Uno de los aspectos que más marcó el año 2022 es la suspensión de garantías constitucionalmente protegidas para todos los salvadoreños. Esto se hizo efectivo gracias a la declaratoria de régimen de excepción, aprobada el domingo 27 de marzo tras una ola inédita de homicidios.
Ese día, tras una breve discusión, la alianza oficialista en la Asamblea aprobó suspender cuatro derechos fundamentales: inviolabilidad de las telecomunicaciones, libertad de asociación y reunión (este se reanudó en septiembre), derecho a la defensa ante una detención, y se extendió el plazo máximo de detención administrativa.

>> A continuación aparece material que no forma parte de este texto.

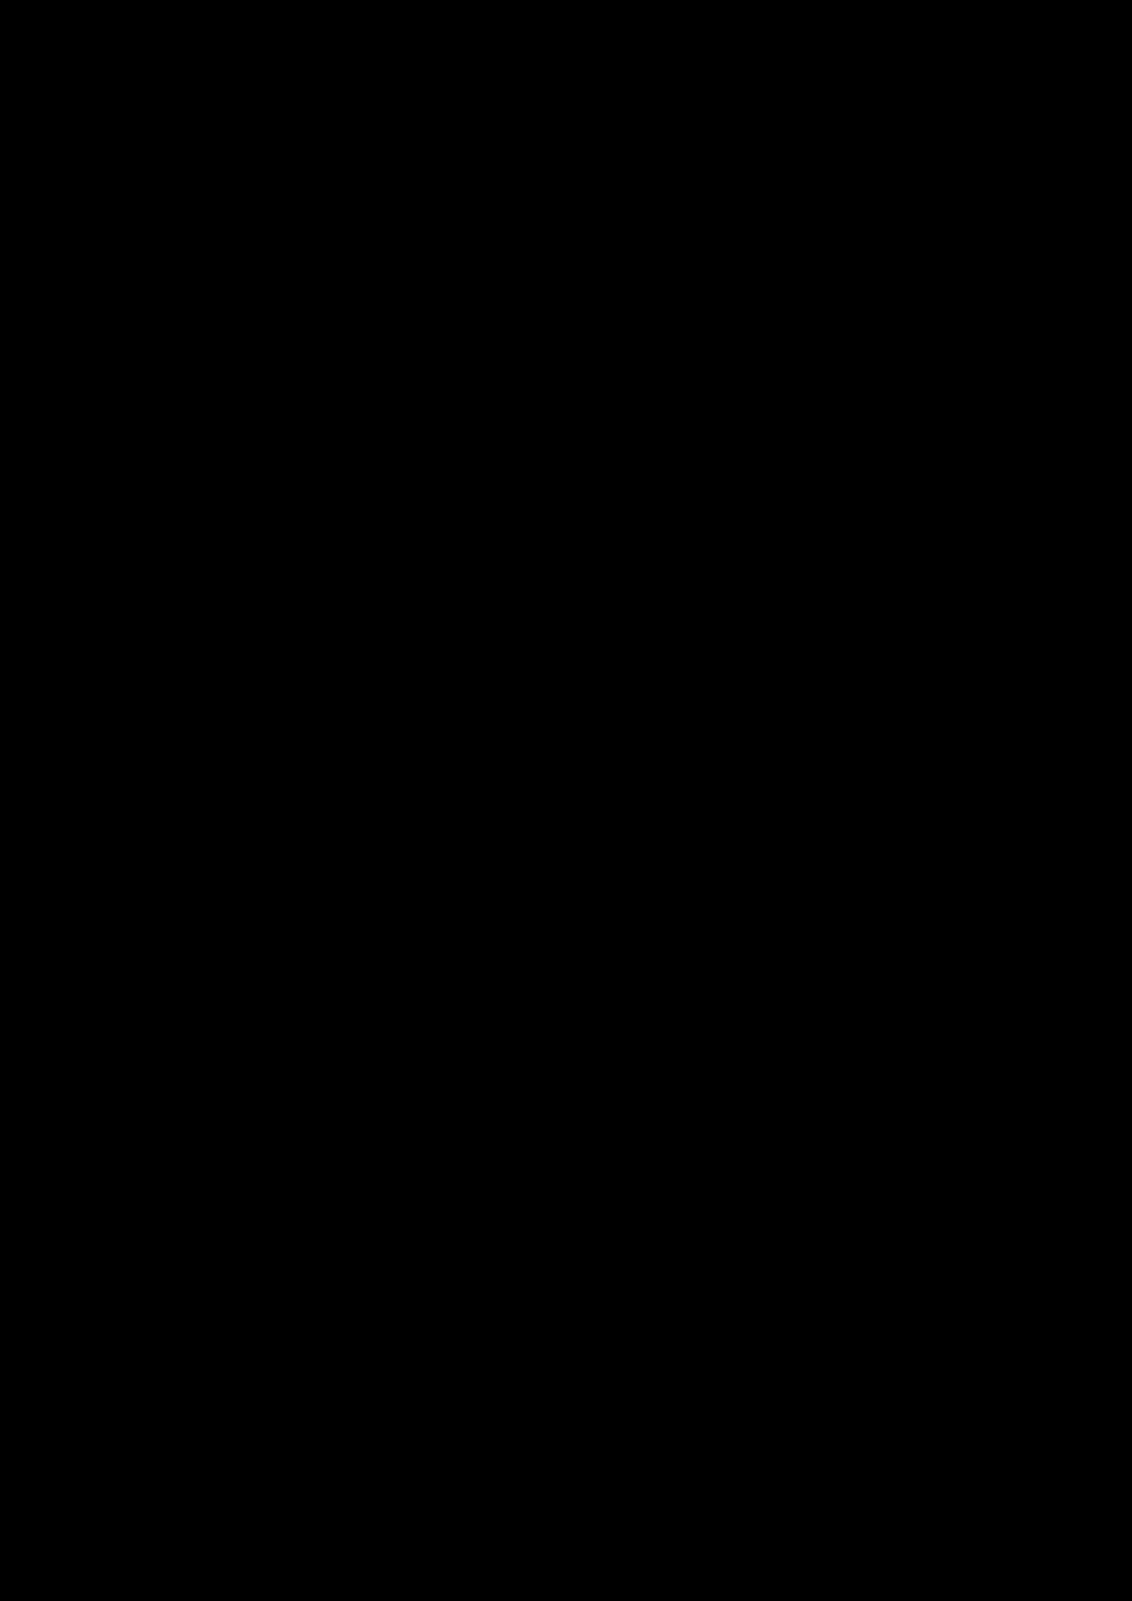 Ten lyubvi slide, Image 40

Este régimen se ha prorrogado en nueve ocasiones, lo que ha significado por un lado que los derechos fundamentales de los salvadoreños siguen en vilo y, por otro, que la excepcionalidad se ha transformado en la nueva norma. A decir, que el Gobierno no puede combatir el crimen sin tener que suspender garantías fundamentales de toda la ciudadanía.
Un reflejo del bukelismo
Este régimen de excepción ha compartido características con el resto de políticas impulsadas por el gobierno de Nayib Bukele y tramitadas con celeridad por la Asamblea Legislativa que él controla.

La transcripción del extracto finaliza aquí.